Throughout the country and up and down the class-caste ladder the joy of parenthood is conditioned by the gender of the child. If a boy is born, delight amongst the family; if it’s a girl, anxiety and disappointment. The sole reason for this is economic; when girls marry (around 70% of marriages are still arranged in India), the family of the bride is expected to pay a sum of money to the groom’s family – whether they can afford it or not. This is the infamous dowry system, a corrupted illegal method of financial exploitation and violence that, like much else in this extraordinary country, is sanctified by the waters of tradition and culture (a manipulated term often employed to maintain prejudicial social conditioning and resist change), which was banned by the Indian government in 1961. And yet, like so many liberal legislative statements of intent, the system continues unabated. ‘The Dowry Prohibition Act’ which makes clear that anyone giving or receiving a dowry faces five years in prison and a hefty fine, remains unenforced. In 1986 an amendment was added stating that any death of or violence to a wife within the first seven years of marriage would be treated as dowry violence. Indifference, apathy and corruption dog all areas of the many and varied government departments and offices; people have no faith in the police or the judicial system, resulting in the vast majority of dowry crimes, as with all crimes against women, going unreported.
Corrupt Colonial roots
When the British were enthroned in India they enacted various rules to control and divide the people. Two of these legislative tools of repression sit at the poisonous root of the dowry system and gender abuse more widely. In 1793 The British Governor General, Lord Cornwallis introduced ‘The Permanent Settlement of Bengal’, one law of many known collectively as the Cornwallis Code. In the affected states it provided a means of collecting revenue and enabled in many cases for the first time the private ownership and commodification of land (“Notionally, the land belonged to the king and no one could be evicted from it, states Veena Talwar Oldenburg in Dowry Murder: The Imperial Origins of a Cultural Crime), which the British hoped would encourage good husbandry amongst landlords and strengthen the perilous agrarian economy.

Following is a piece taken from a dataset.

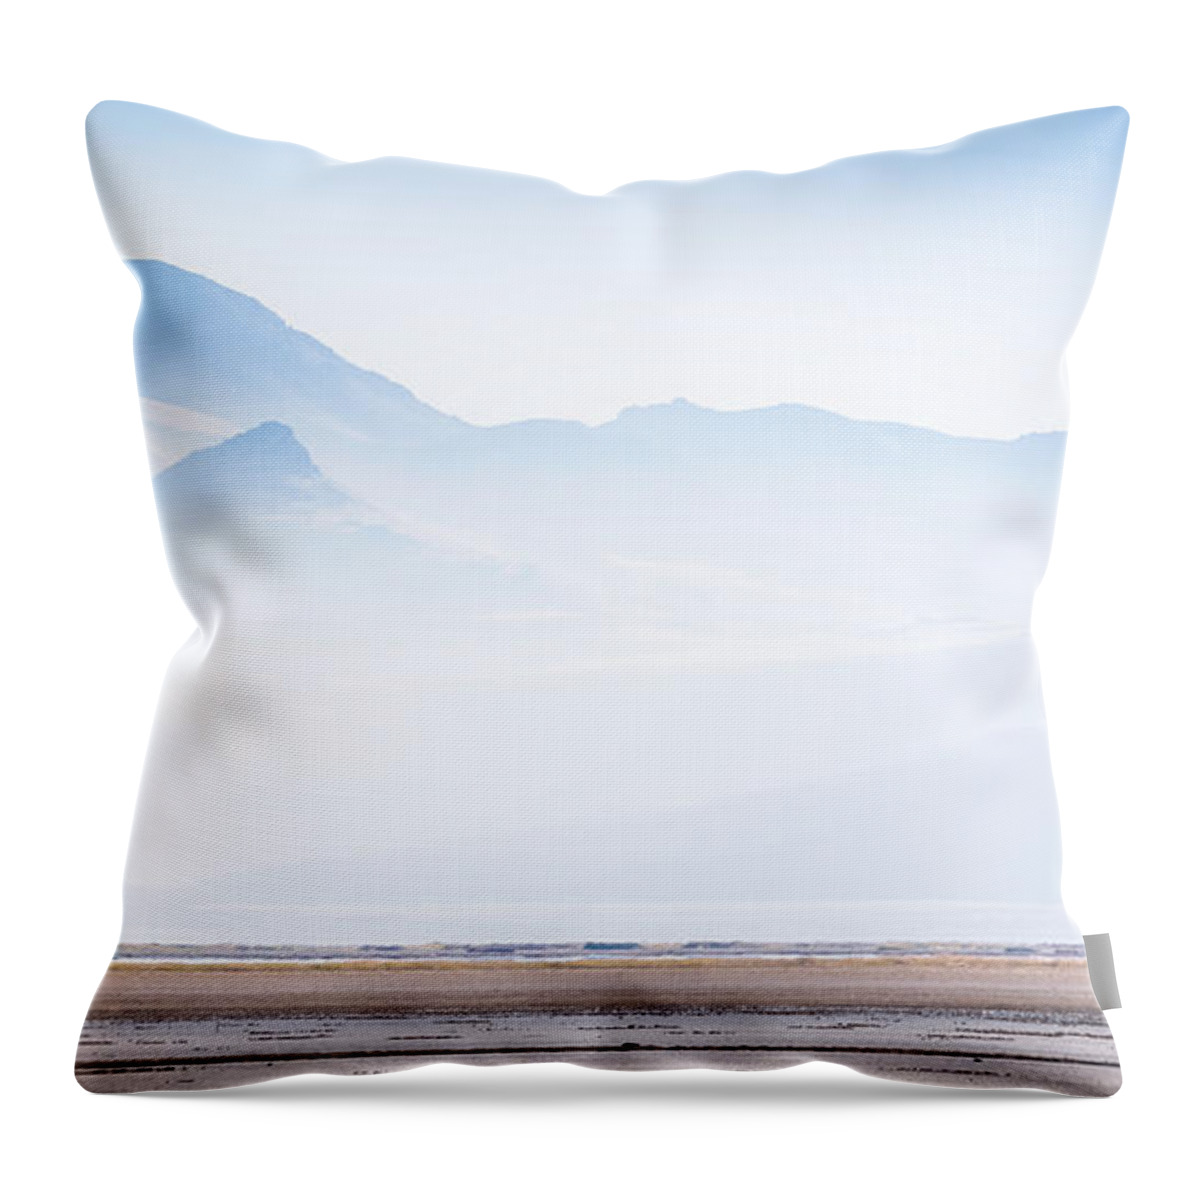 Antelope Island Throw Pillow featuring the photograph Alone by Dave Koch
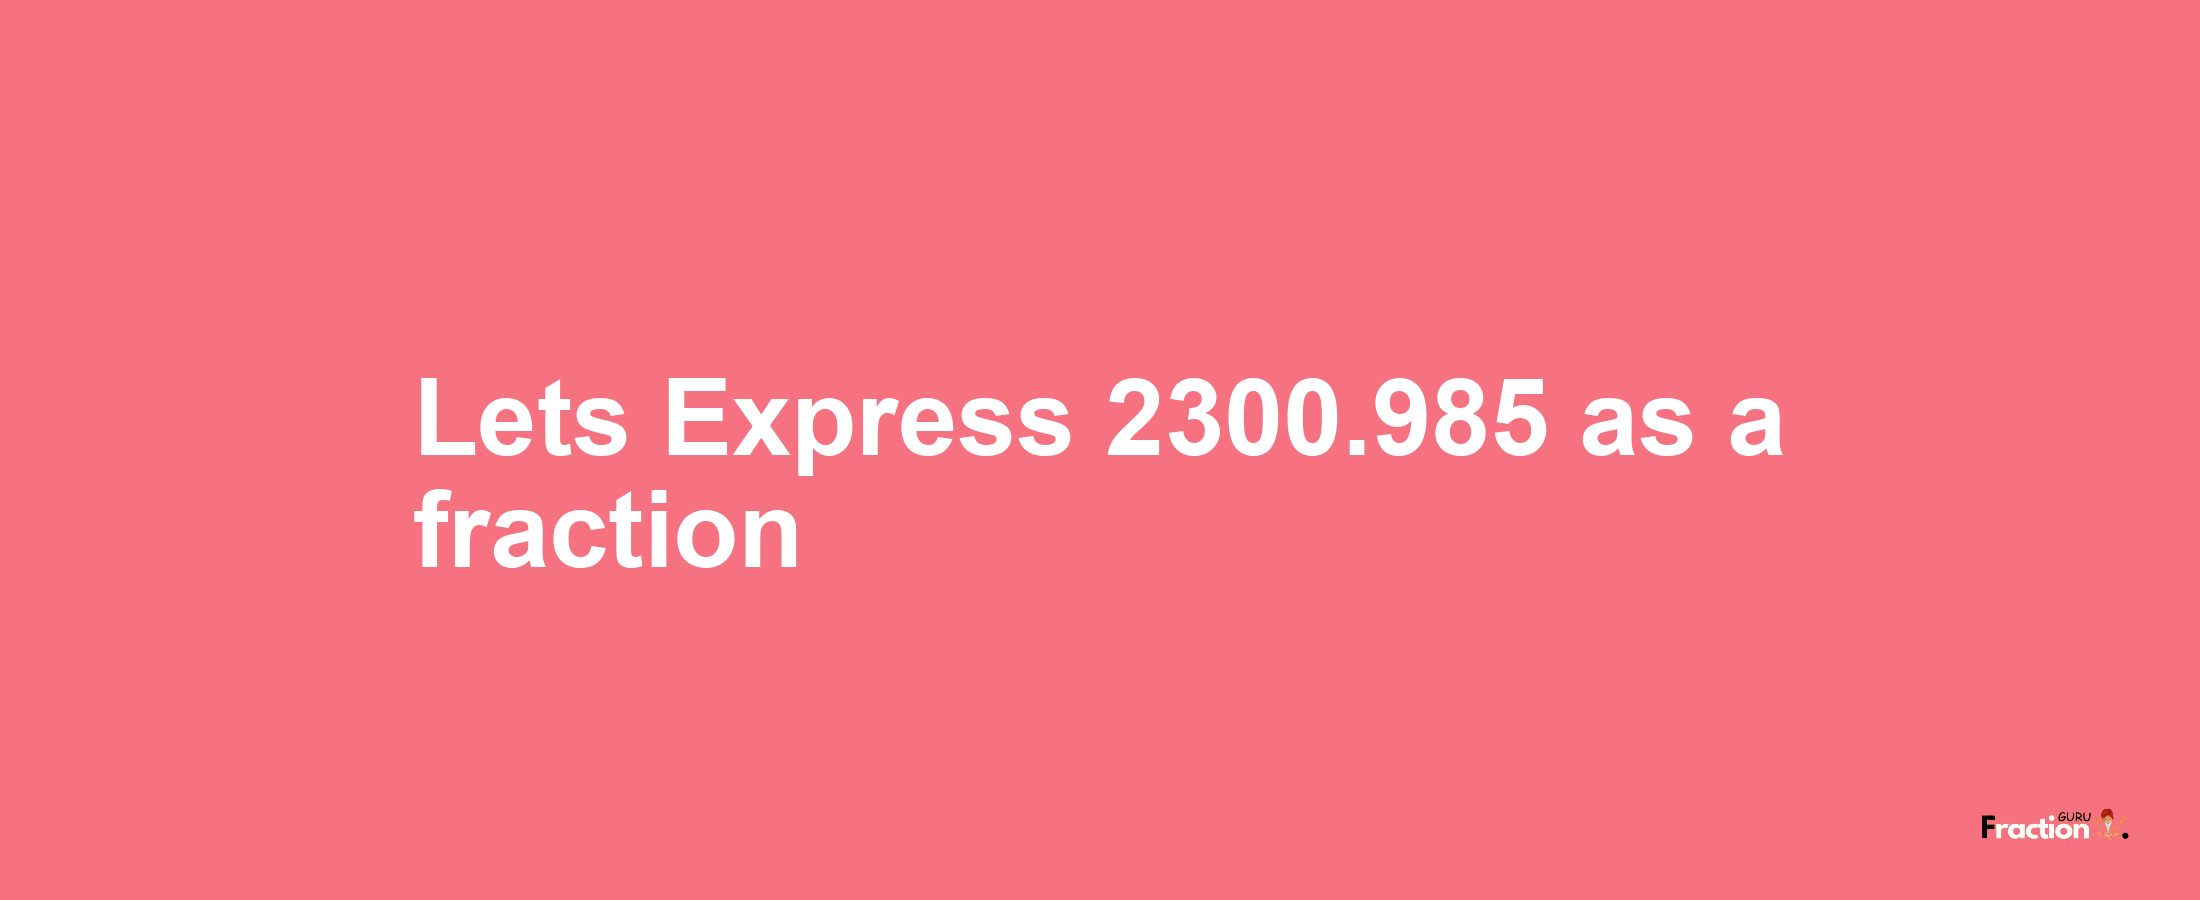 Lets Express 2300.985 as afraction

However, social division was reinforced, peasants who were at the mercy of landlords were ill-treated and exploited, land ownership became hereditary and therefore exclusive, the payment of tax mandatory, irrespective of feast or famine. Before this unjust law, the nations rulers would allow 10% tax revenue to be retained by the village official (Panchayat) who would use the money for the benefit of the villagers. The village “functioned on a system of reciprocity which operated like a social glue. After this changeover [imposed by Britain], a brother was no longer willing to share with a brother.” Divide and rule!
At the same time, British shortsightedness, greed and societal ignorance allowed a law to be introduced prohibiting women to own land and property. Giving men exclusive land and property rights as well as responsibility for tax/revenue collection created acute gender imbalance, marginalized women and set the Indian male up as the dominant legal and indeed social subject, creating the patriarchal country we see today.
This was the hammer-blow for women. In pre-colonial times they had been partners in landholding arrangements and – as perhaps one might expect – were the ones who chose their husband, received and kept the dowry payments – described “in the 1870s as a collection of voluntary gifts comprising clothes, jewellery, household goods and cash bestowed on the bride by family and friends at the time of the girl’s wedding.” This provided financial independence for women as well as a greater degree of social equality. With the changes in property rights, girls and women – future wives – were seen by men and their families as potential income; greed and social division was created; boys became a financial asset, girls an economic liability. “The newly enhanced worth of sons saw families demanding cash, jewellery or expensive consumer durables and the situation has steadily worsened,“ Veena Talwar makes clear.